If the debug versions result in the same X, next try incrementally adding your optimization flags until the differing answers begin.

Let me know what you discover,
Mat

khea_actua1 · February 1, 2011, 10:51pm

Thanks for the reply!

I started by removing the optimization flags as you suggested, and right away it worked. The flag that was causing the problem was the -fast flag.

This flag seems to be an alias for many other options, so it doesn’t narrow down the problem that well, but it’s good to know it.

I thought I thoroughly checked for UMR, so hopefully it isn’t that, I won’t count that out though.

Adding the flags you suggested however fixed the problem and still allows me to use optimization. Reading about what they do now.

Thanks again.

MatColgrove · February 1, 2011, 11:32pm

Hi khea_actua1,

“-fast” is an aggregate flag containing a set of common optimizations for high performance. It does include vectorization and faster intrinsics, both of which can reduce accuracy. It’s usually no more than 1ulp, but for programs that are highly sensitive it can cause problems. For example, if your program converges, then slight changes in accuracy can cause differing results.
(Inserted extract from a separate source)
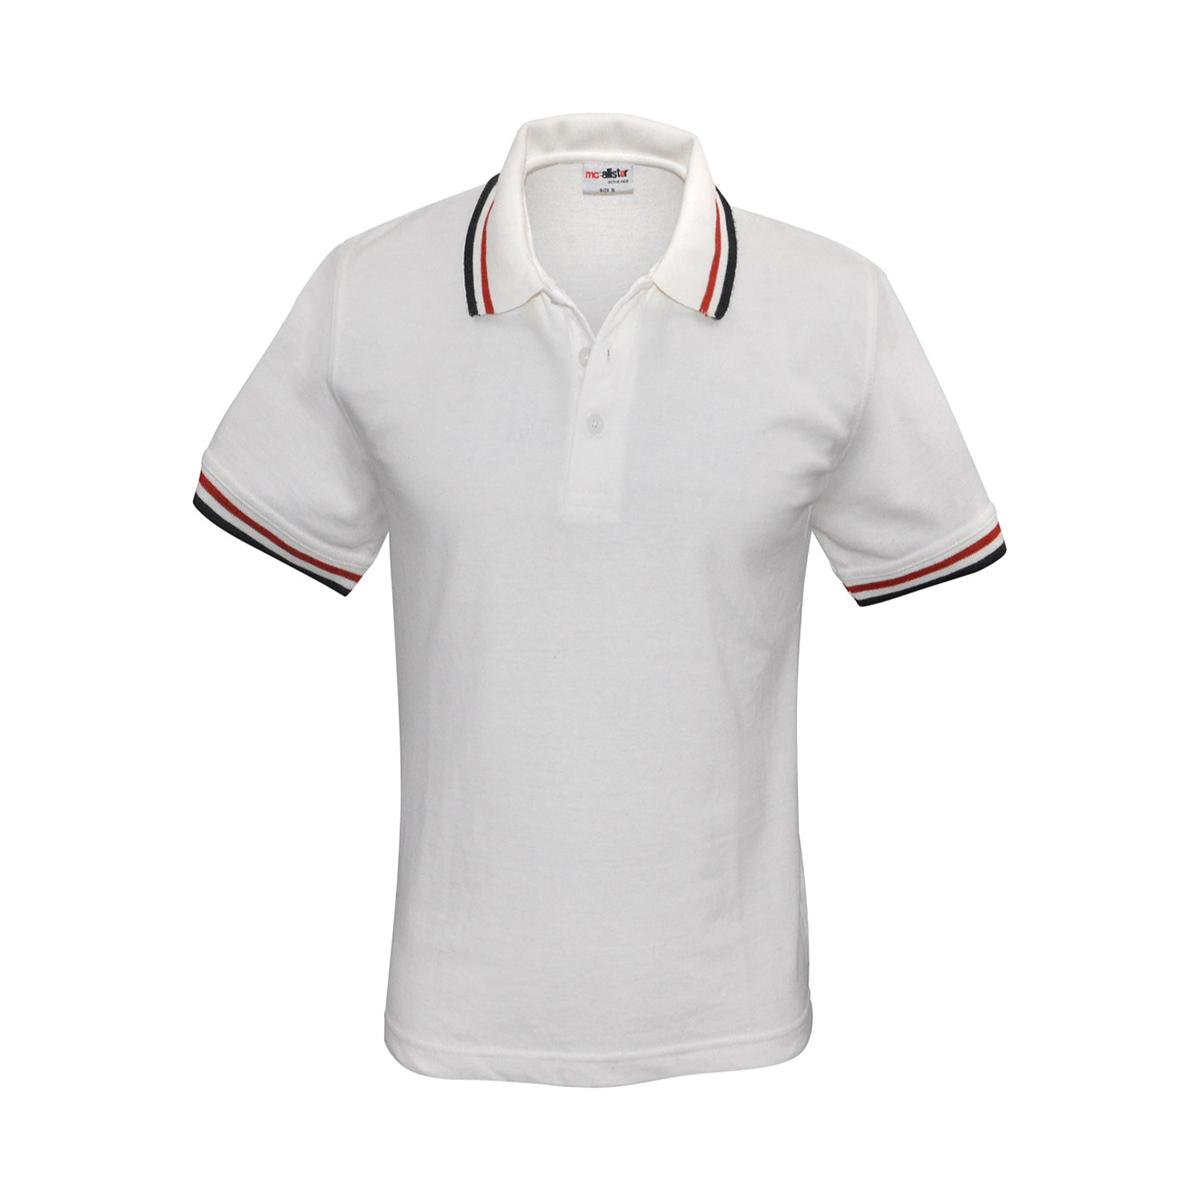 Active Wear - Männer Polo-Shirt - weiß - rot - schwarz

To check, try the following flag sets:

-O2
-O2 -Mvect
-fast -Kieee
-fast -Mnovect

-fast does change slightly from platform to platform but usually includes the following flags. You can try each in turn to see how it effects both your results but also your performance. Note that several of these optimization require -O2 to be enabled.

-O2
-Munroll=c:1
-Mlre
-Mautoinline
-Mvect=sse
-Mpre

Hope this helps,
Mat